3 March 2015

Arts and Crafts

The Arts and Crafts movement took place in the UK in 1860 until 1910, when it evolved into Art Nouveau. It was a socialist and design movement, and the first style to incorporate design and art, and not just focus on art.

John Ruskin and Williams Morris were the main proponents of Arts and Crafts. Ruskin was primarily concerned with the social and theoretical aspects of Arts and Crafts and was not an artist or designer and an idealised view of the life of medieval craftsmen. Morris was a designer, a poet and an architect who also commissioned others to design work.

Ruskin and Morris focused on the plight of the lives of those working in the factories in the "dark Satanic mills" (Eskilson, 2012) . They wanted to improve the quality and artistic merit of utilitarian objects, and by also focusing on the social aspect of the craftspeople, they could improve the lives of their countrymen in both ways. Williams Morris said "have nothing in your house that you do not know to be useful or believe to be beautiful.

It was a rebellion against the dawning of the industrial age in Britain, where commercialism was at the fore. Morris saw that workers were being exploited to produce cheap mass produced goods, and wanted to his idealised version of the past. This was the naive idea of someone who considered that factory workers had a much better life in rural communities before industrialisation, and he came from a wealthy family himself (Eskilsson, 2012). Morris wanted to produced functional objects that were pleasing to use. However, with handcrafted items, there was an increased cost associated with them, which meant the products were out of the reach of the people Morris wanted them to be for. This was something that troubled Morris but there was little he could do about it. The people who bought his products did not understand that wanting to return to a simpler time, when workers lived in the green and pleasant land, was actually a very idealised view of the working classes. Those who bought these products had little insight in the lives of workers, and whether what would make their lives better or worse, as they were so far removed from the manufacturing classes. In fact there lives had always been hard before and after the industrial revolution.

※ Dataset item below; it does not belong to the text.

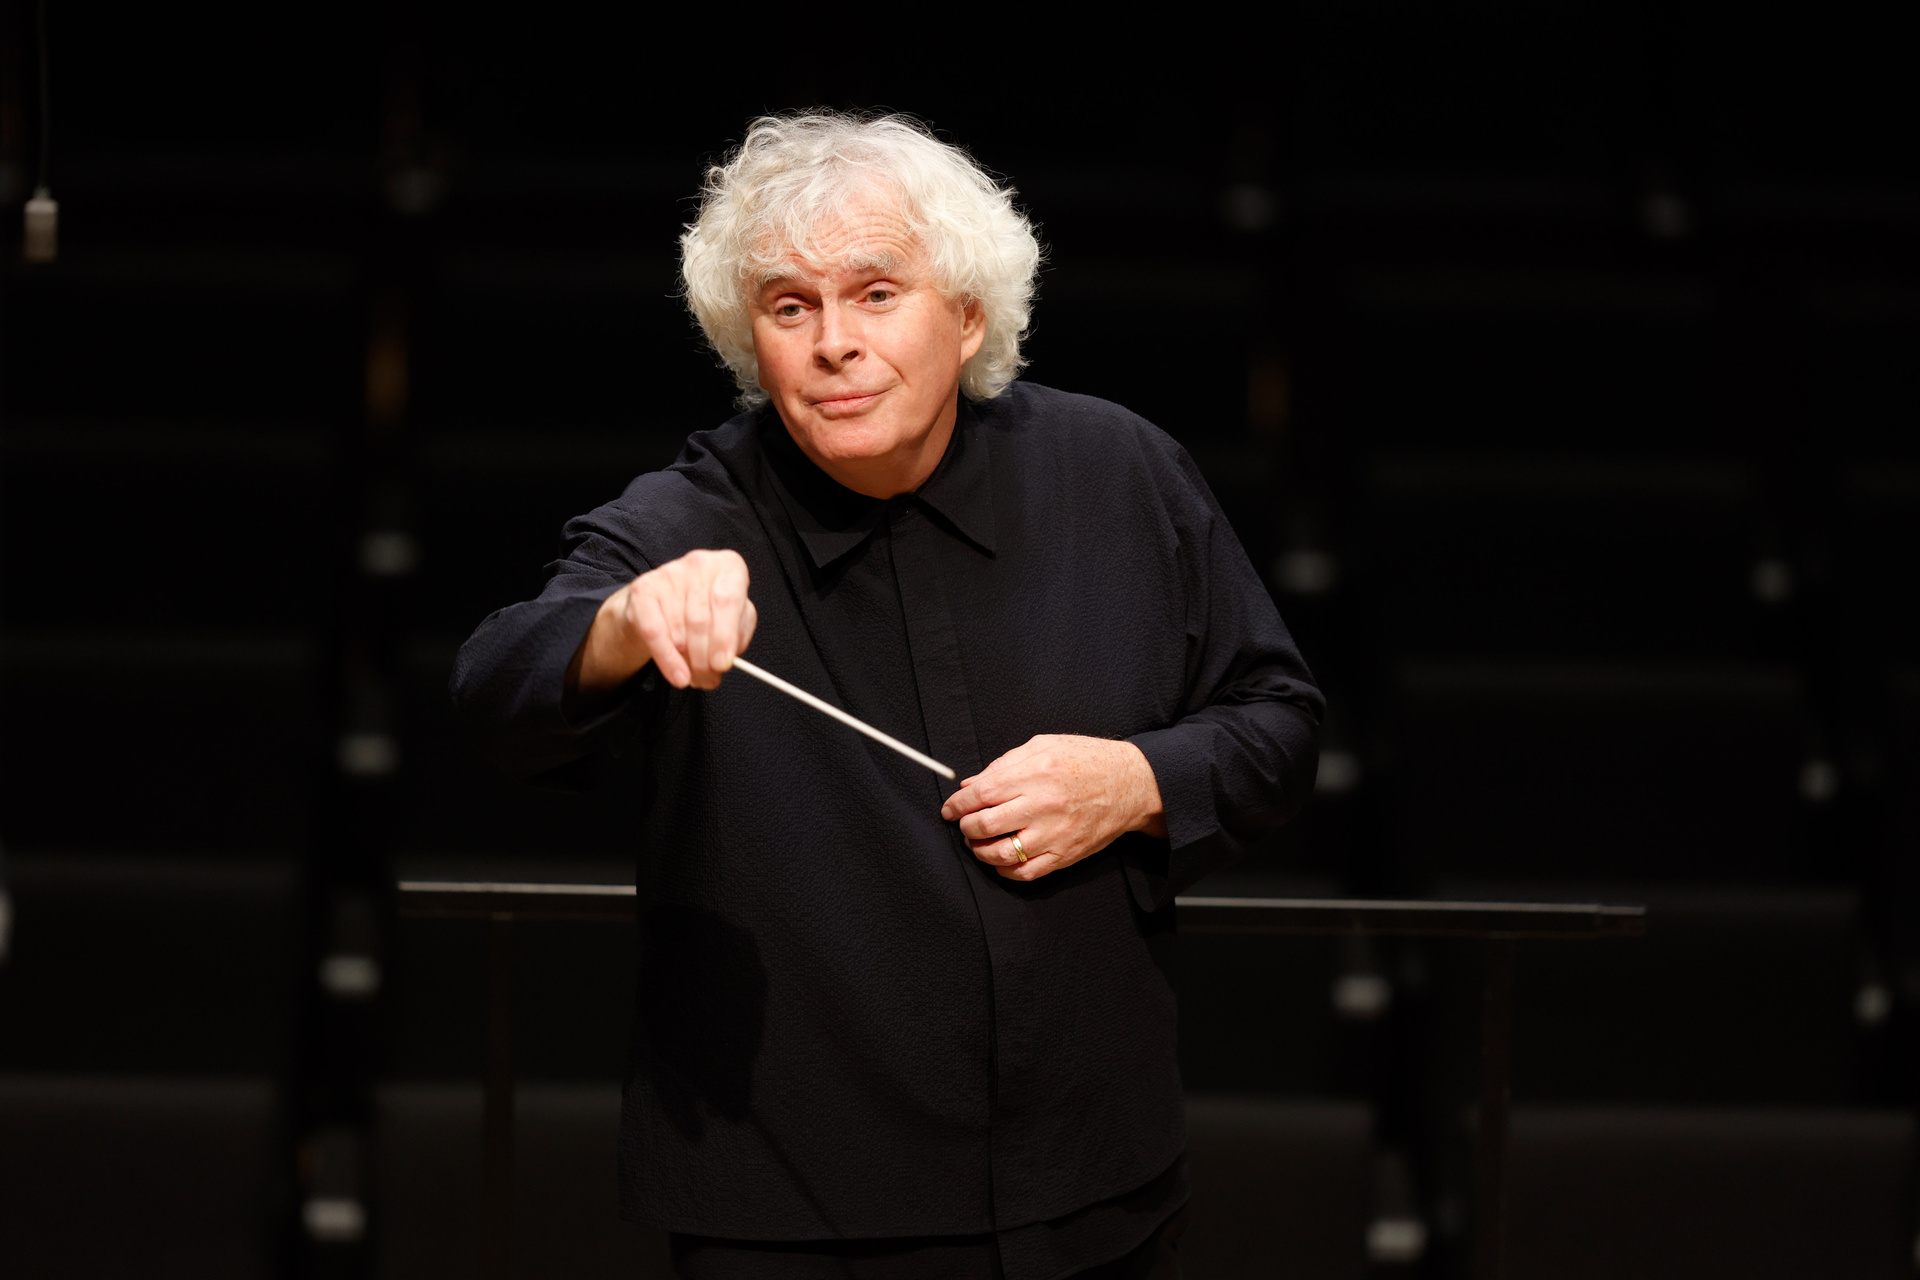 Chefdirigent des Symphonieorchesters des Bayerischen Rundfunks Sir Simon Rattle
© ZDF und BR, Astrid Ackermann

It was primarily a British movement, but had a global impact, spreading to the US and becoming popular from 1890-1916. The American constitution and politics meant that they didn't have the same scruples about poor working conditions as the (slightly) more socialist Britain.

Arts and Crafts was strongly influenced by Mediaeval and Gothic design. Its imagery was plant based, and of stylised florals, and mostly in muted colours. The block repeats were organic and integrated, compared the more gappy ones from their competitors, who also used the newly invented chemical dyes. They only produced function items, and not art or paintings for display. It was a design movement, not art. Examples of their products included stained glass, furniture, wallpaper, and architecture. He owned Kelmscott Press, making books and designing type.


The Arts and Crafts exhibition of 1888 cited itself as being "for the homes of simple and gentle folk". The Art Workers Guild wanted to raise the standards of decorative arts and the craftsmen, and they wanted to work with the commercial word. The products were designed and made in cities, for city dwellers.

In 1993, Morris was critisized as being "the work of a few, for the few", which was something that Morris was never able to overcome.

This movement has much in common with today - a desire to look back to traditional methods of the past, when the world around us is changing at an exponential rate. We now see the rise of websites such as Etsy, Folksy, Not on the High Street, etc, who champion the handmade and the individual, just like Ruskin and Morris. Sections of modern day British society put high values on unique handcrafted items and are willing to pay for them, and the availability of such products is huge. There has been a huge backlash from the public against companies who have been found to exploit there workers, and there in an increase in wanting to understand the provenance of the products we consume - whether they are food, clothing, electronics, or any other products. The the idea of social utility of good design is also relevant to graphic design today.

Eskilson, S (2012) Graphic Design A History.